Applications of Hybrid PET/MRI to the Study of Frontotemporal Dementia
Abstract
Frontotemporal dementia (FTD) is the second most common type of early-onset neurodegenerative dementia. This thesis investigated how hybrid positron emission tomography (PET) and magnetic resonance imaging (MRI) could benefit neuroimaging of FTD. Quantification of PET requires measuring a tracer’s arterial input function (AIF), which is invasive and challenging. An alternative non-invasive method is to extract an image-derived input function (IDIF) from PET images. My first project was to validate a software called caliPER designed to extract IDIFs by using high soft-tissue contrast MR images. Validation studies involved a porcine model as well as human controls. Good agreement of the area between extracted IDIFs and AIFs were found with an overestimation of 8 ± 5% in the animals and 6 ± 8% for the healthy human controls.
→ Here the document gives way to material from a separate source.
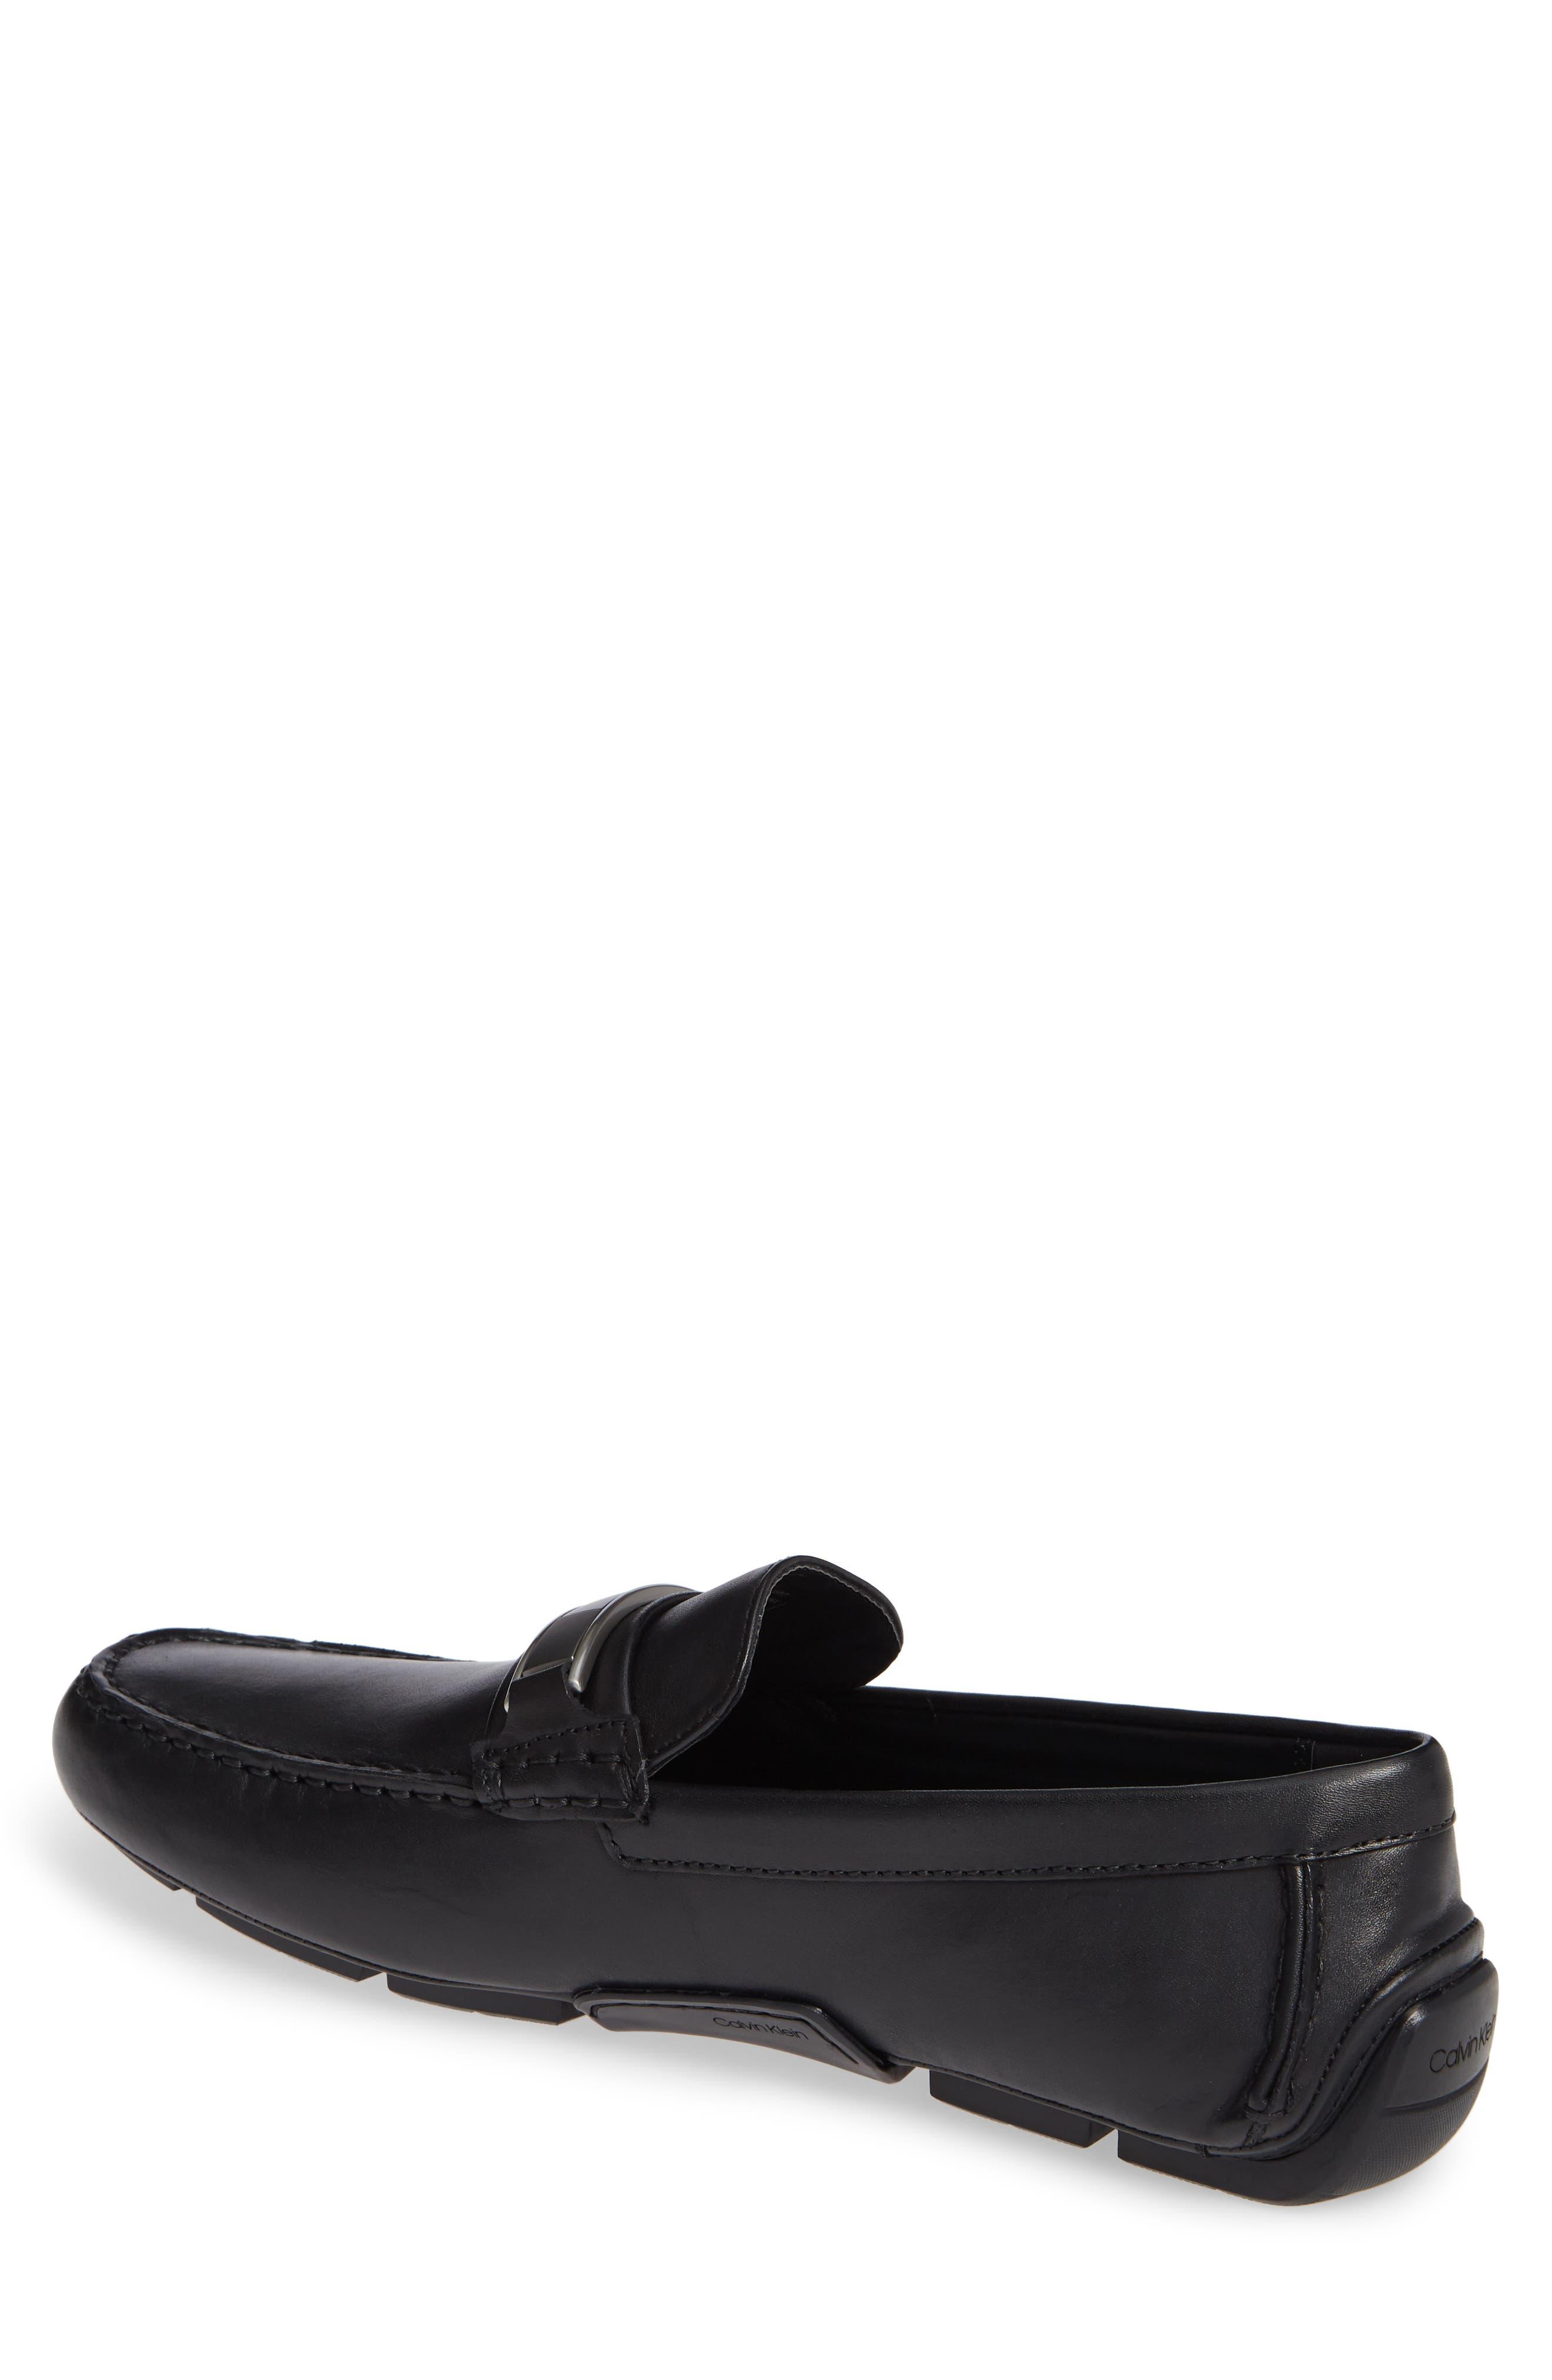 Kadison Buckle Driving Shoe,                             Alternate thumbnail 2, color,                             BLACK LEATHER

PET provides the ability to image neuroinflammation using tracers that target the 18KDa translocator protein (TSPO) in microglia. However, quantification is challenging due to the lack of a reference region. To overcome this, I investigated the application of a simultaneous estimation (SIME) method to dynamic PET data acquired with the TSPO tracer, [18F]FEPPA. The SIME method used IDIF and venous blood samples to correct for metabolites. The method was applied to a [18F]FEPPA data from healthy controls that included AIF to directly measure the binding potential and showed that the imaging duration could be reduced to 90 min without compromising the precision of the binding potential.
Metabolic connectivity mapping combines [18F] fluorodeoxyglucose (FDG) PET with resting-state functional MRI (rsfMRI) to estimate direction of signalling between brain regions, which is termed effective connectivity. Metabolic connectivity mapping is based on the theory that ~75% of glucose consumed is by post-synaptic activity. Therefore, the at the target region FDG activity is higher. For my third project, I used Metabolic connectivity mapping to investigate effective connectivity disruptions in behavioural variant FTD patients. Using healthy controls, we determined that neuronal signaling is from the anterior insula (AI) to the dorsal anterior cingulate cortex (dorsal ACC). This neuronal communication between dorsal ACC and AI provides insight into the neurobiological mechanisms related to emotional processing, decision-making, and self-regulation that are linked with bvFTD's behavioural manifestations.